Title: Re: AKI and SKI problem with RFC
3280?
At 11:12 +0100 10/20/03, Stefan Santesson wrote:
I have
come a cross a potential problem with RFC 3280 when working on the new
ETSI Certificate profile standard for identity
certs.
RFC
3280 states:
4.2.1.1
The value of the keyIdentifier field
SHOULD be derived from the
public key used to verify the
certificate's signature or a
method
that generates unique values. Two common methods for generating
key
identifiers from the public
key, and one common method for
generating
unique values, are described in section
4.2.1.2
4.2.1.2
One common
method for generating unique values is a
monotonically
increasing sequence of
integers.
This means that a CA, following the recommendation can
assign key identifier values of e.g. 1, 2, 3, 4, 5, 6,...,
n
If many different CA:s would follow the
"monotonically increasing sequence of
integers" procedure, multiple unrelated
certificates would end up having the same SKI and/or AKI values
relating to completely different public keys.

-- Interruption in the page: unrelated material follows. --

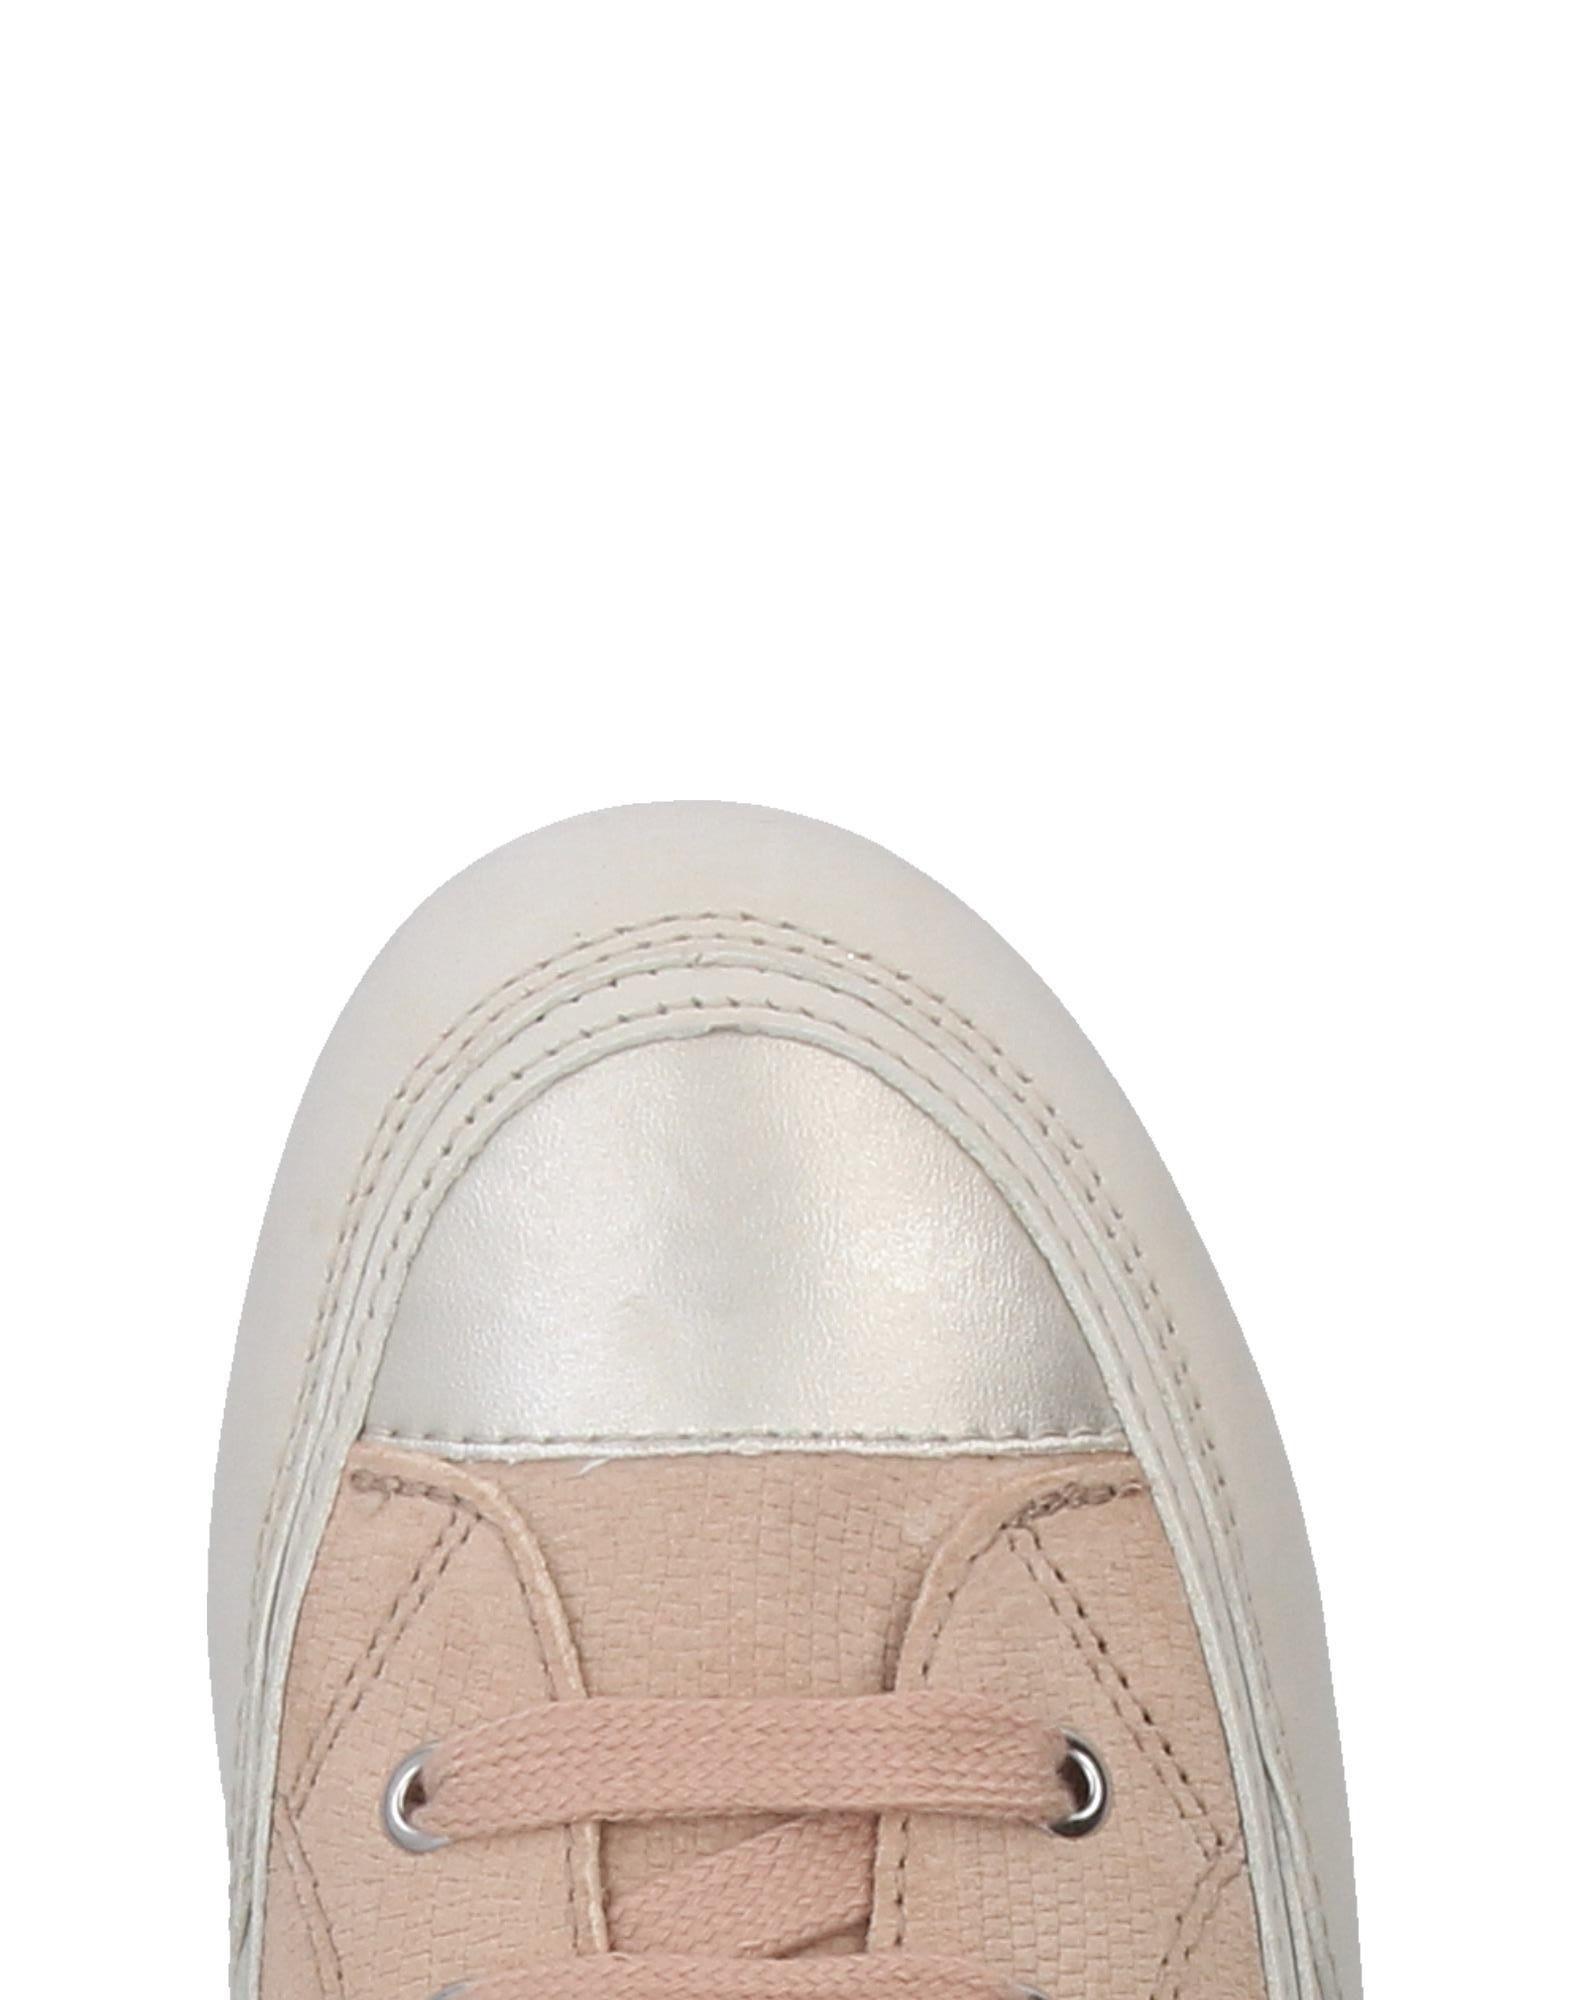 Geox Sneakers Geox Sneakers AdRemD09iE sur Femme 8mNw0n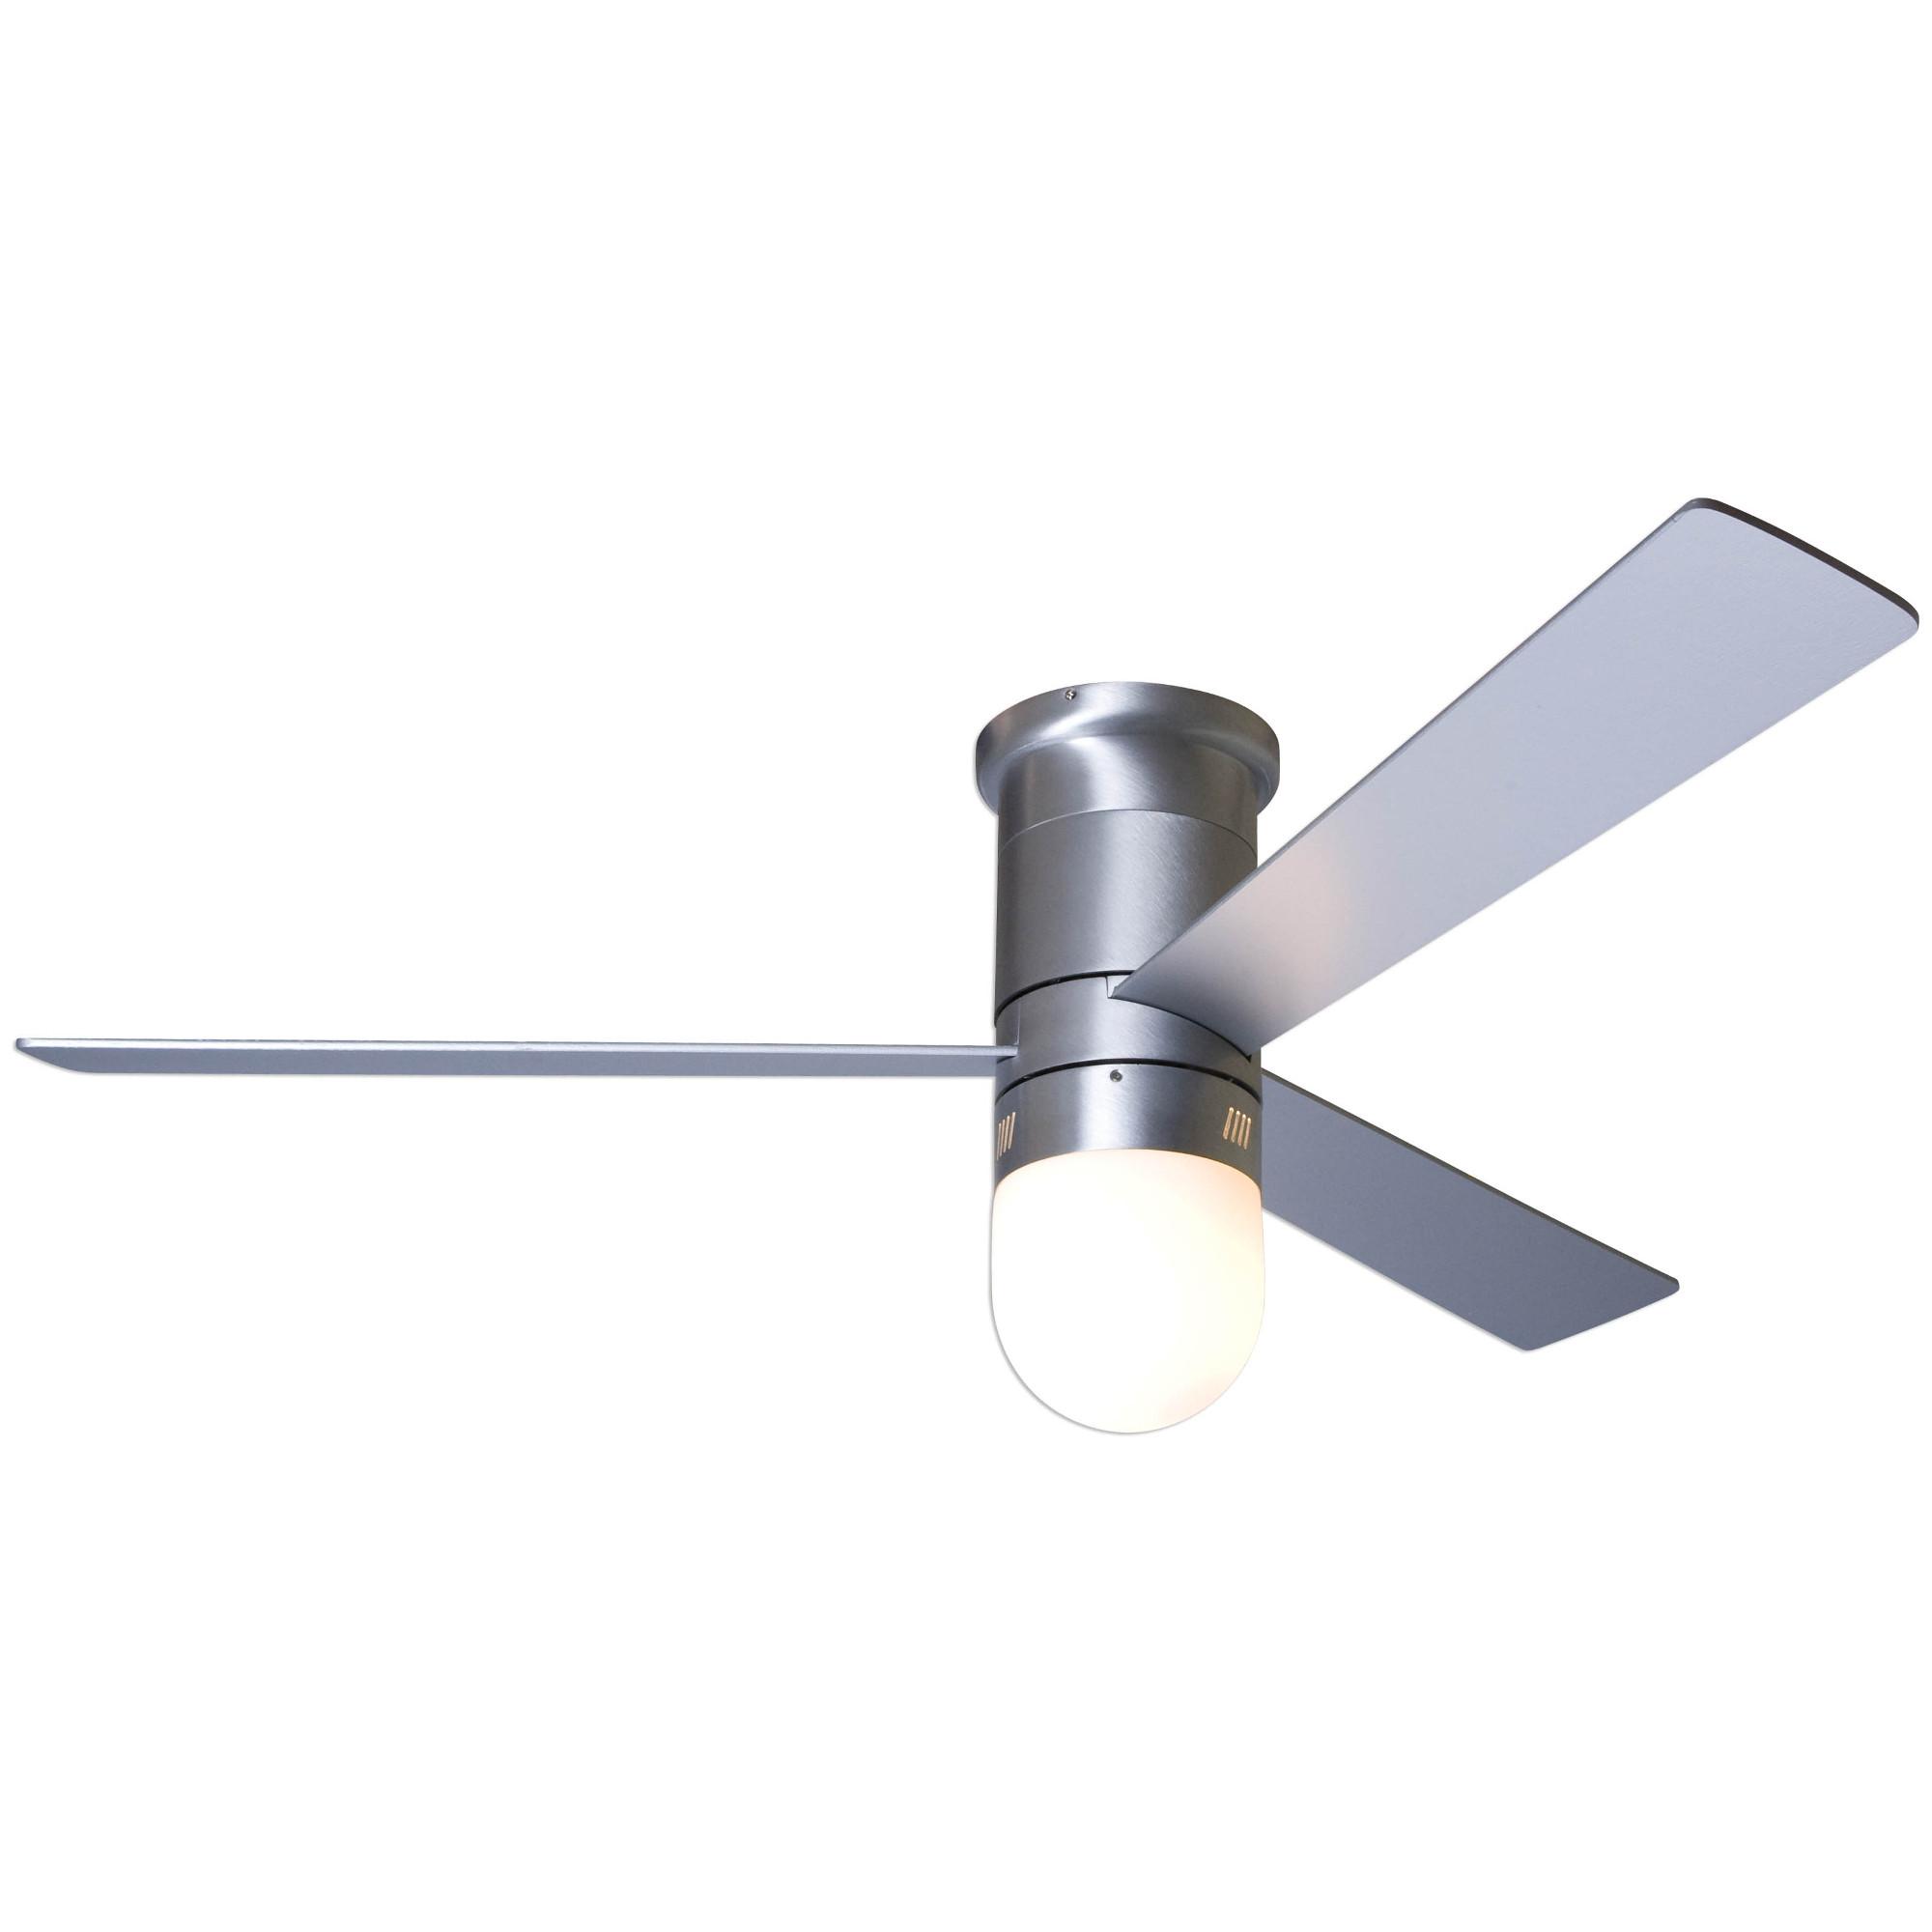 White Cirrus Flush Ceiling Fan Light By Fan Cirrus Flush Ceiling Fan Light By Fan Fan Company Altus Fan Company Lapa houzz-03 Modern Fan Company

I'm not sure how most path building clients would
handle a situation like that, but I fear that at least some would
fail.
Isn't the point that AKI:s and SKI:s should use a
generation algorithm that assigns them a globally unique value with
high probability and therefore SHOULD be derived from the public key
and NOT use a "monotonically increasing
sequence of integers". At least not
starting from a small integer?
/Stefan
For path building purposes, there is no need for uniqueness in
these values. We have stated several times that path building is
NOT supposed to use these values to locate certs, but rather to
disambiguate among certs that have the right Subject name (assuming a
bottom's up path building).
However, when the SKI appears in an EE cert, and that EE cert is
used in S/MIME, then we are assuming uniqueness, because the receiver
uses the SKI to locate the right token for that receiver. This
support for S/MIME is why we put in the SKI requirement for EE certs,
where it otherwise would not be needed (re path building).
Steve
P.S. Peter, your example talked about signature
verification, but I don't think that's right, because the signature
info is not per recipient, it is per originator, and thus would not
encounter this problem.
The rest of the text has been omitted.